Examples: CREB1, MEX3B, ATF2, RARA, RUNX3, ILF3, GMFB, ADM2, BIRC6, PICK1, PRRT1, CTBP1, LIPE, HCST, CDC25B, PPP3CB, GMFG, MORC3, PDGFA

This is the single largest category by count. Most should be simple removals, not formal NOTs. The exception: proteins with no kinase domain AND no plausible regulatory role in phosphorylation could warrant NOT annotations specifically on the MF term GO:0004672 (protein kinase activity), where structural absence of the kinase domain is positive evidence.

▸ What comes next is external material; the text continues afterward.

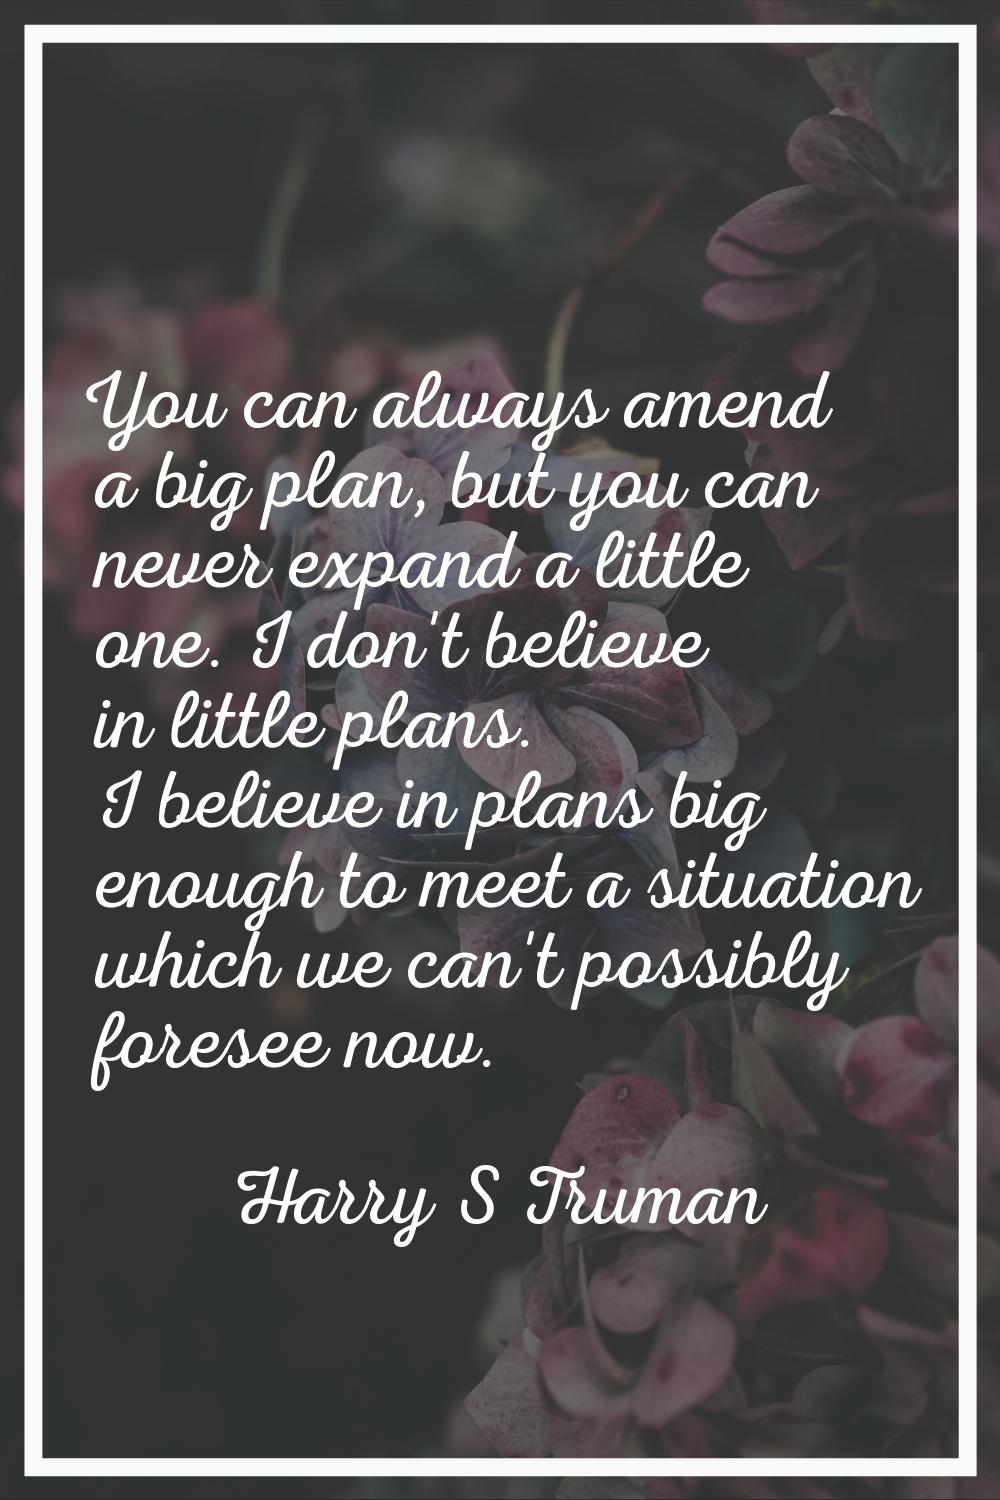 You can always amend a big plan, but you can never expand a little one. I don't believe in little p

4. Assembly Factor =/= Complex Activity Pattern

Proteins required for assembly of multi-subunit complexes but annotated with the activity of the complex itself.
- SURF1: Assembly factor for Complex IV, annotated with cytochrome-c oxidase activity and proton transport
- ATP10: Assembly factor for ATP synthase, annotated with unfolded protein binding
- IDH3B: Regulatory subunit annotated with catalytic activity of the alpha subunit
- Ccs: Copper chaperone for SOD1, annotated with SOD activity

5. Upstream Regulator =/= Direct Activity

Genes annotated with the activity of their downstream targets.
- EGFR annotated as MAP3K (activates RAF, the actual MAP3K)
- RASA1 annotated with GTPase activity (stimulates Ras GTPase)

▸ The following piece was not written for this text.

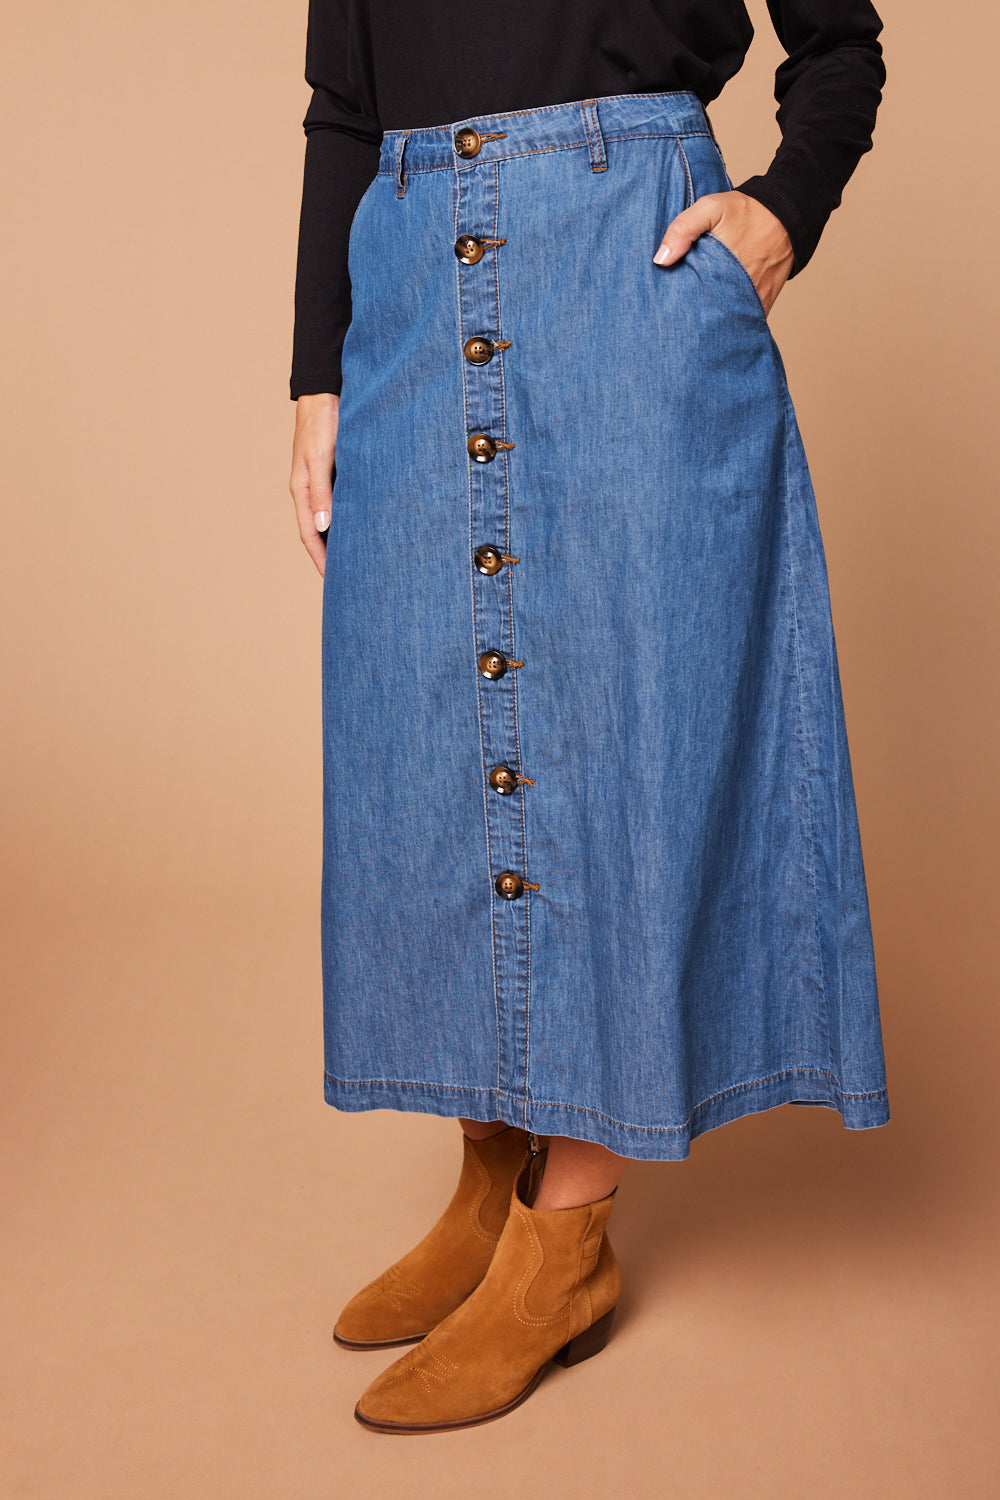 Adrift A-Line Button Down Skirt in Chambray

6. Non-catalytic Family Members

Family members that have lost the signature catalytic activity.
- PGRPS1, PGRPLD: PGRP family, lost amidase activity, retain binding
- Epe1: JmjC family, lost demethylase activity
- CG6051: Myotubularin family, lost phosphatase activity

Relationship to Other Projects

Next Steps


STATUS

Completed

In Progress

Last updated: 2026-03-06

NOTES

2026-03-06

Project Creation

Scanned 6,319 REMOVE/MARK_AS_OVER_ANNOTATED annotations across all gene reviews. Identified 22 very high-confidence (score >= 6) and 115 strong (score >= 4) candidates for formal NOT annotations across 19 species.

The most impactful pattern is pseudo-enzymes: proteins with enzyme-family domains that have demonstrably lost catalytic activity. These are particularly valuable NOT annotations because automated pipelines (InterPro2GO, IBA) will repeatedly re-annotate them without explicit NOT annotations to prevent propagation.

Key insight: The DnaJ/HSP40 ATP binding pattern (YDJ1, DNAJA2, DNAJA4, Dnaja3, DnaJ) represents a systematic class error worth addressing at the pipeline level - DnaJ proteins stimulate HSP70 ATPase but do not themselves bind ATP.

Expanded Search

Added keywords for "misannotation", "does not catalyze", "no intrinsic", "erroneous", "does not bind", "not itself", "false positive". This expanded the candidate pool from 53 to 250 at score >= 3.

Major new finding: the "is phosphorylated" =/= "does phosphorylation" pattern is the single largest category by count, with ~19 human genes incorrectly annotated to GO:0006468 protein phosphorylation because a paper described their phosphorylation by kinases. This is a systematic issue with TAS/IDA evidence codes.

Also identified the assembly factor pattern (SURF1, ATP10, IDH3B, Ccs) where proteins required for complex assembly get annotated with the complex's activity.